• _Work to be completed_: The answer must reproduce all of the data below exactly and contain no images.

• _Data segment_:
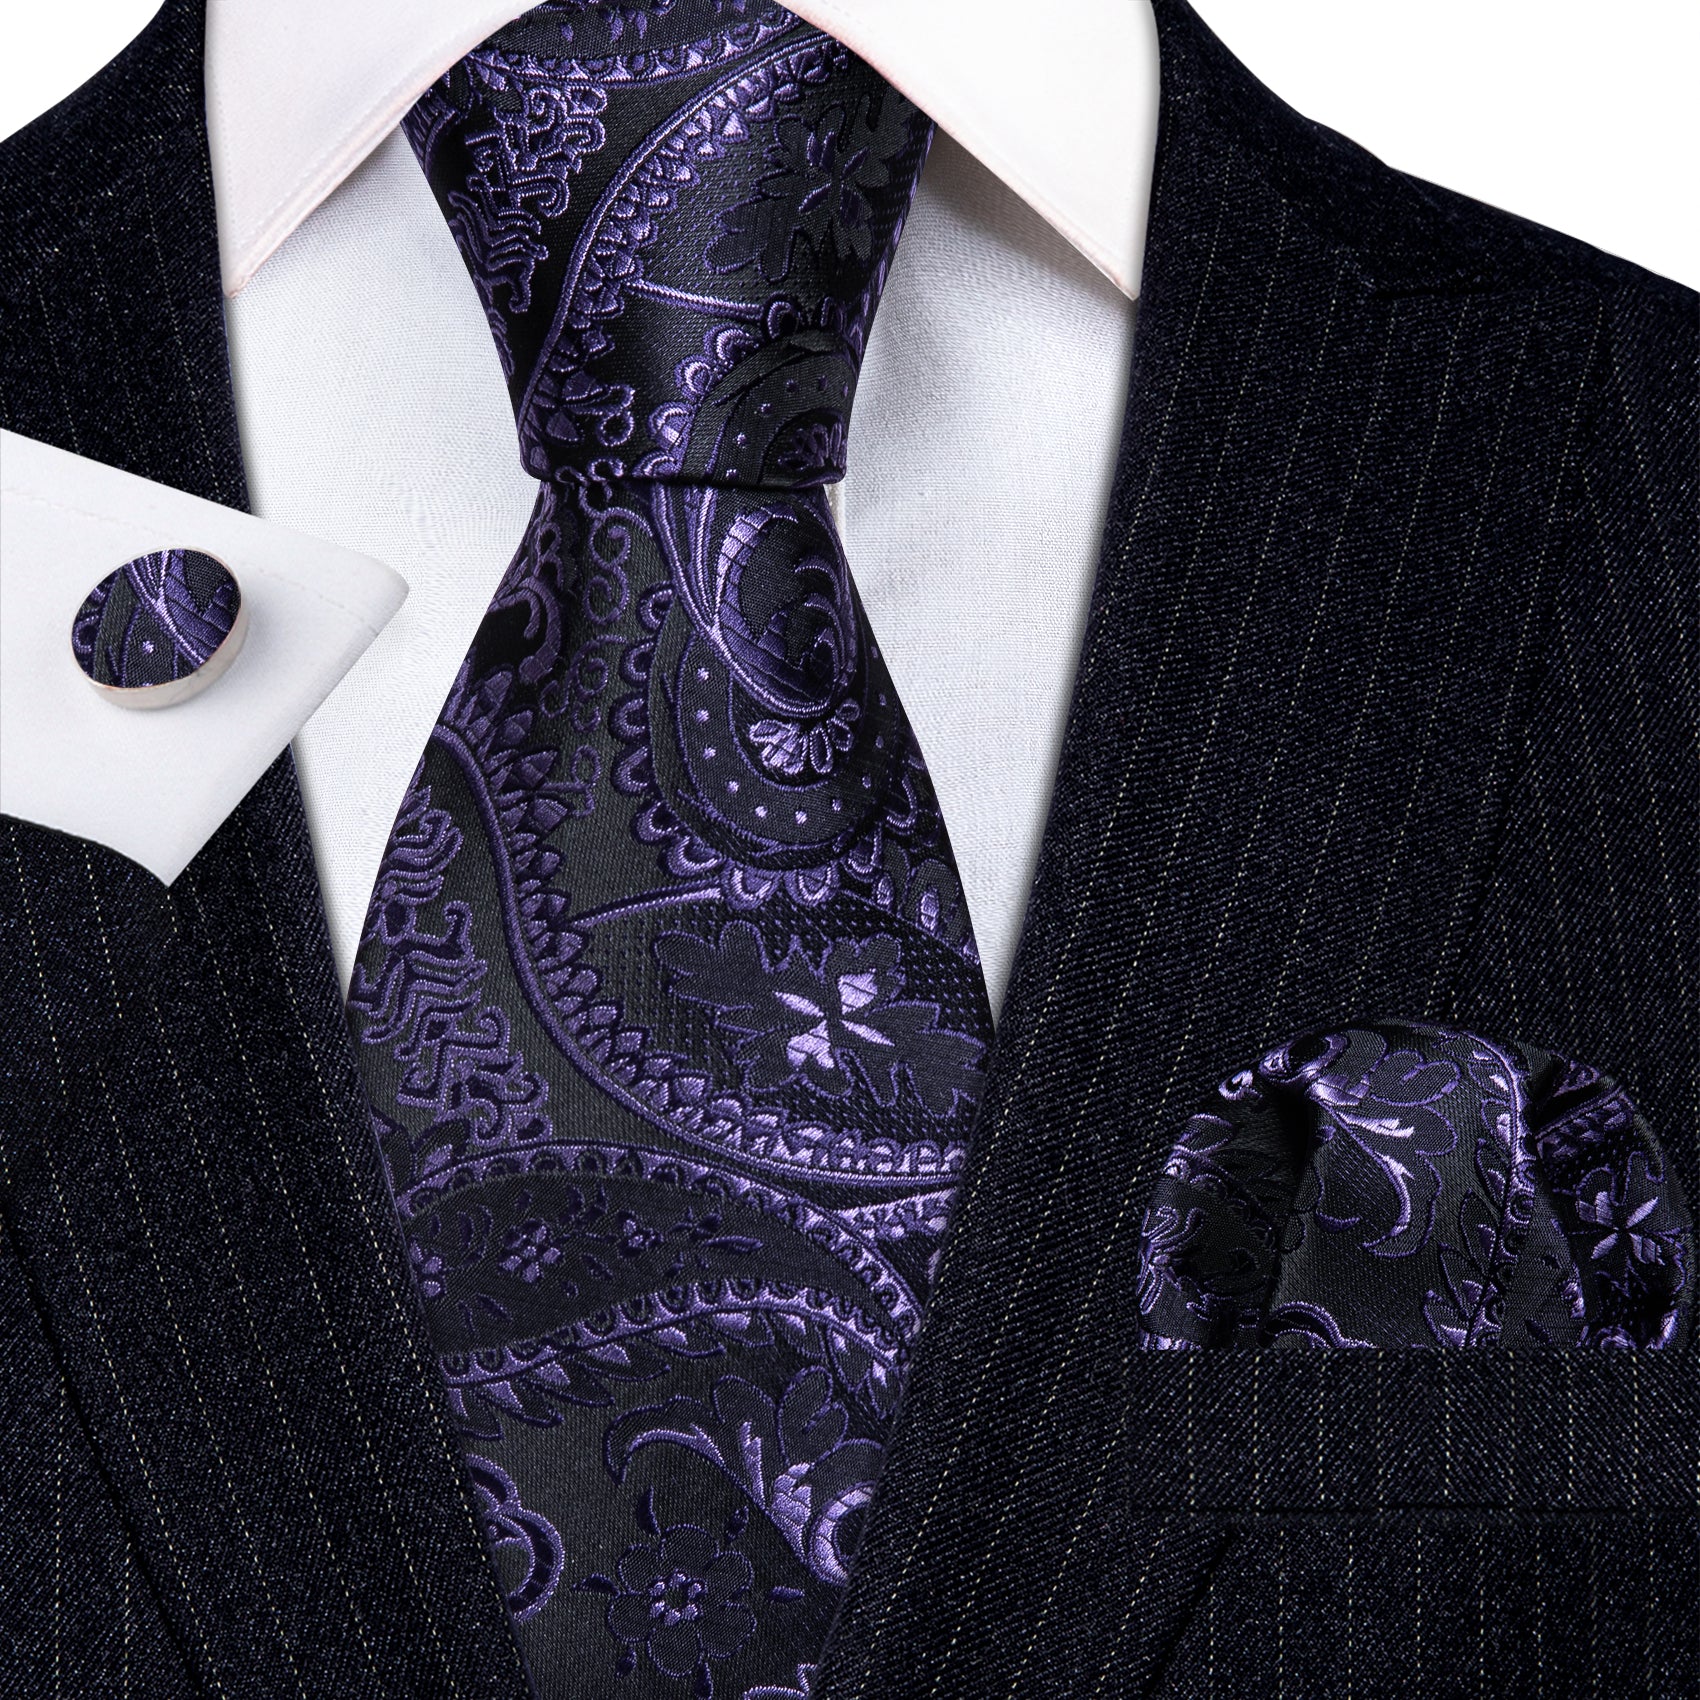 black tie with pattern
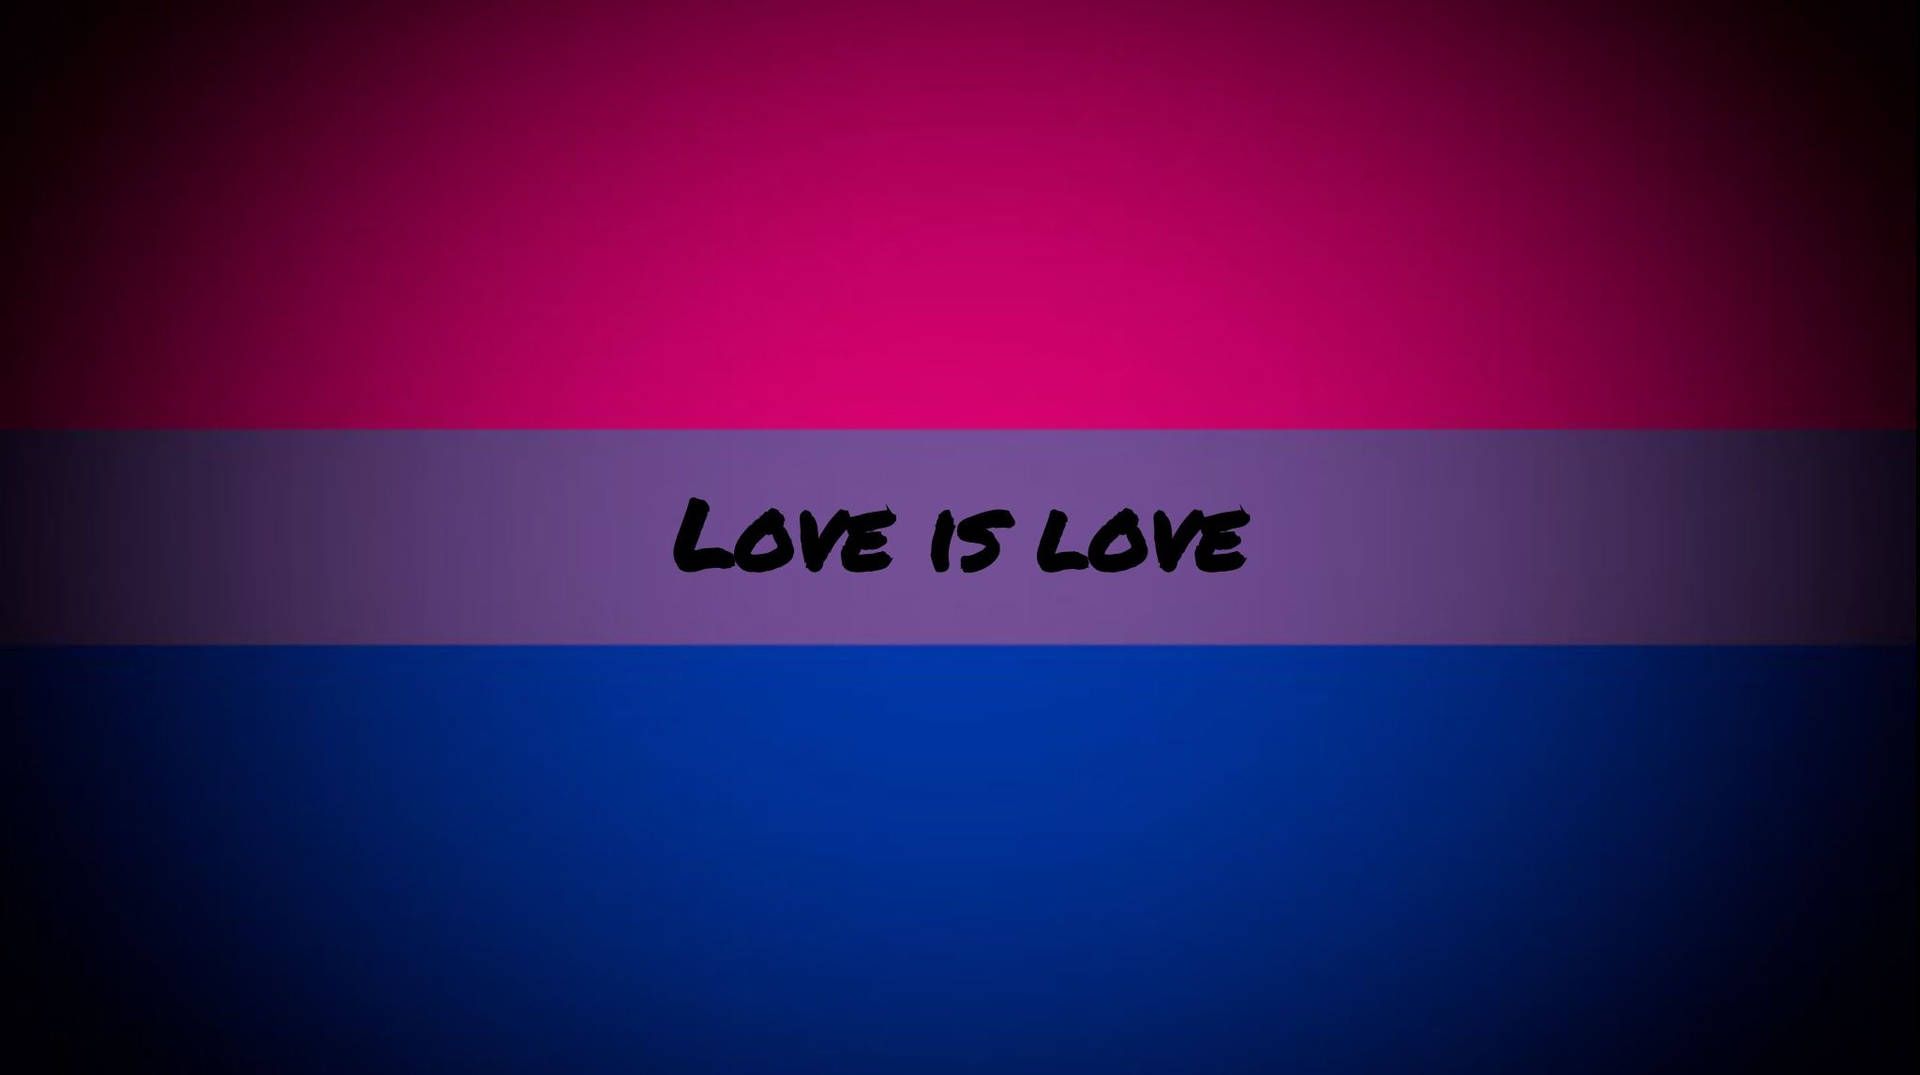 Free Bisexual Flag Wallpaper Downloads, Bisexual Flag Wallpaper for FREE
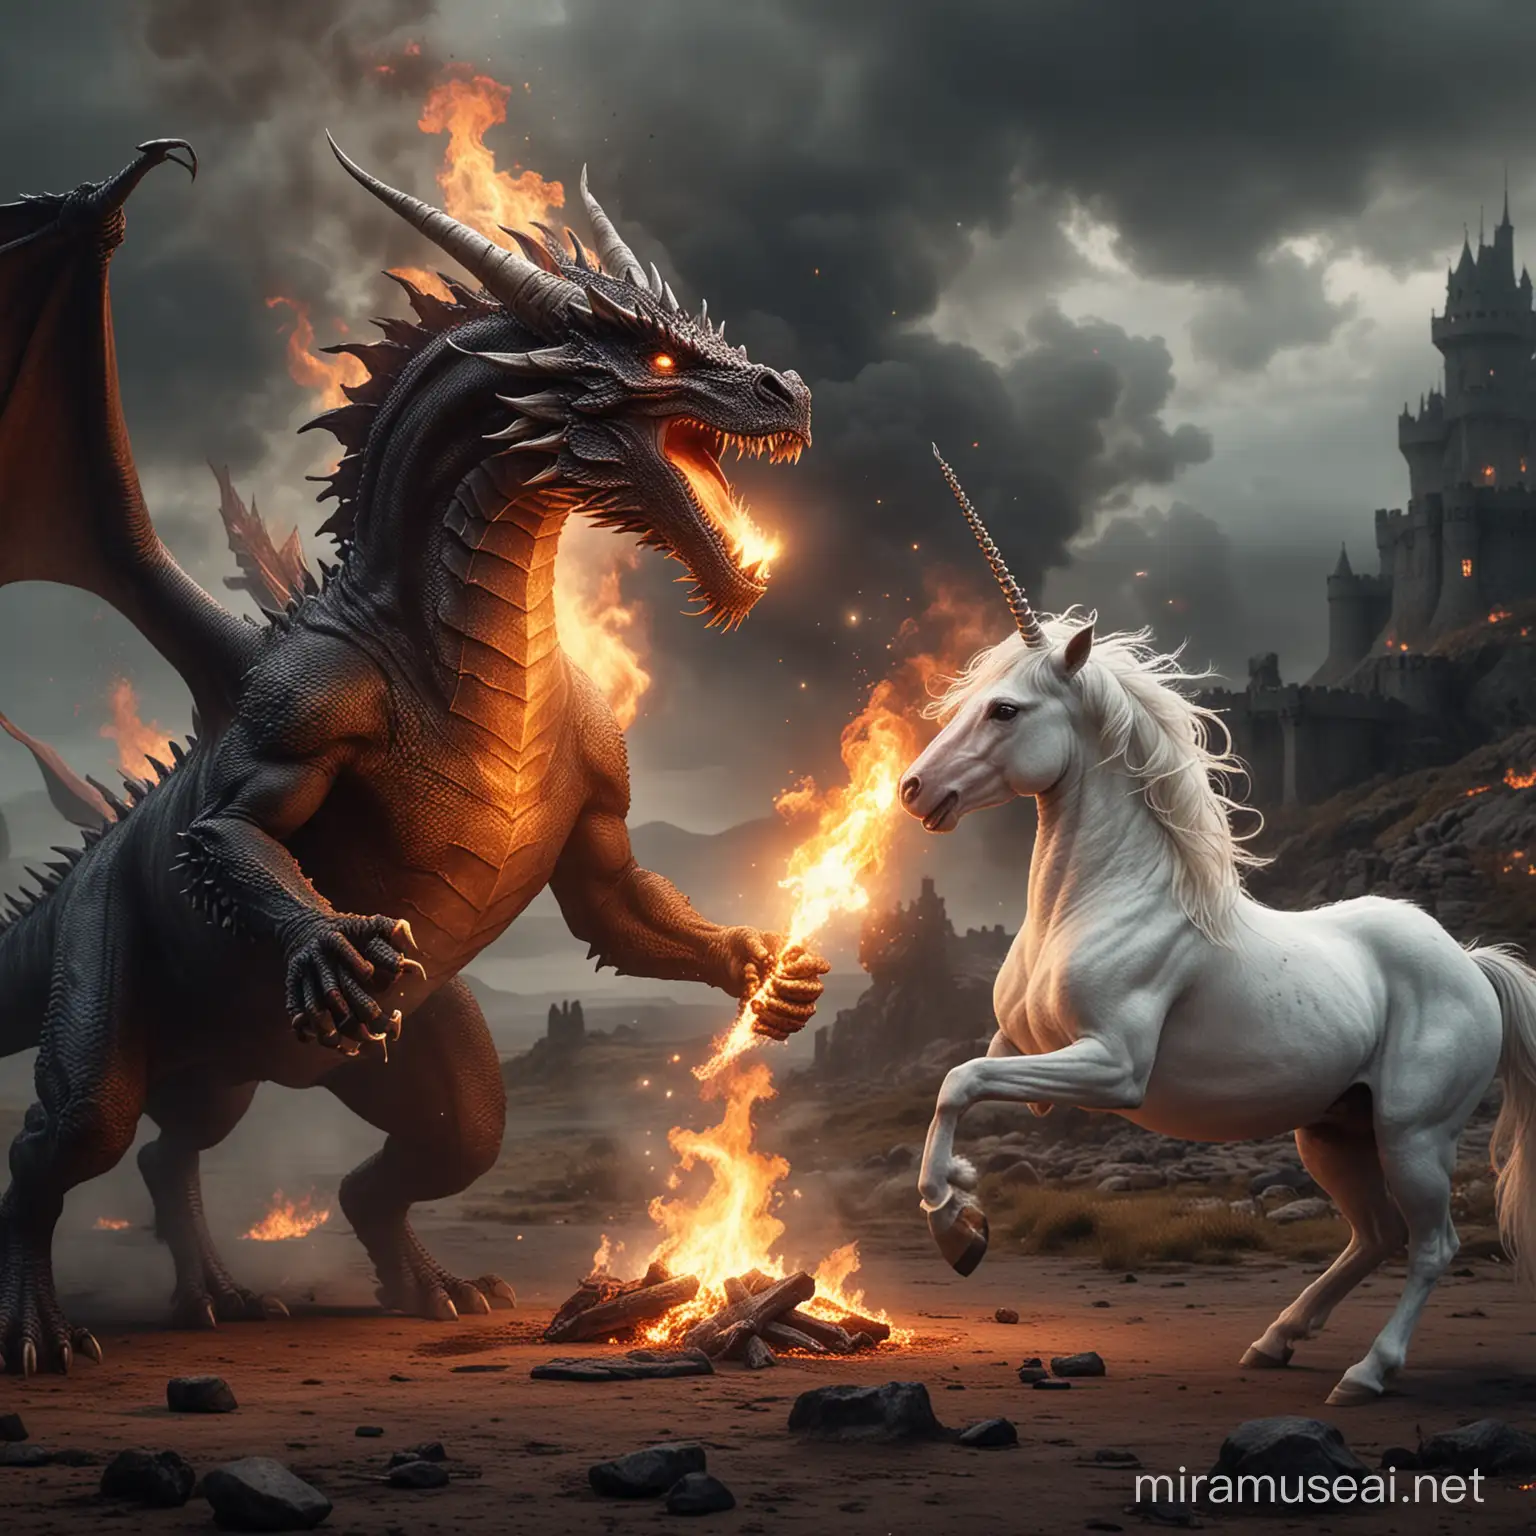 Epic Battle FireBreathing Evil Dragon vs Courageous Unicorn in Game of ThronesInspired Landscape

• _Reply_:
 black tie with pattern
 Free Bisexual Flag Wallpaper Downloads, Bisexual Flag Wallpaper for FREE
 Epic Battle FireBreathing Evil Dragon vs Courageous Unicorn in Game of ThronesInspired Landscape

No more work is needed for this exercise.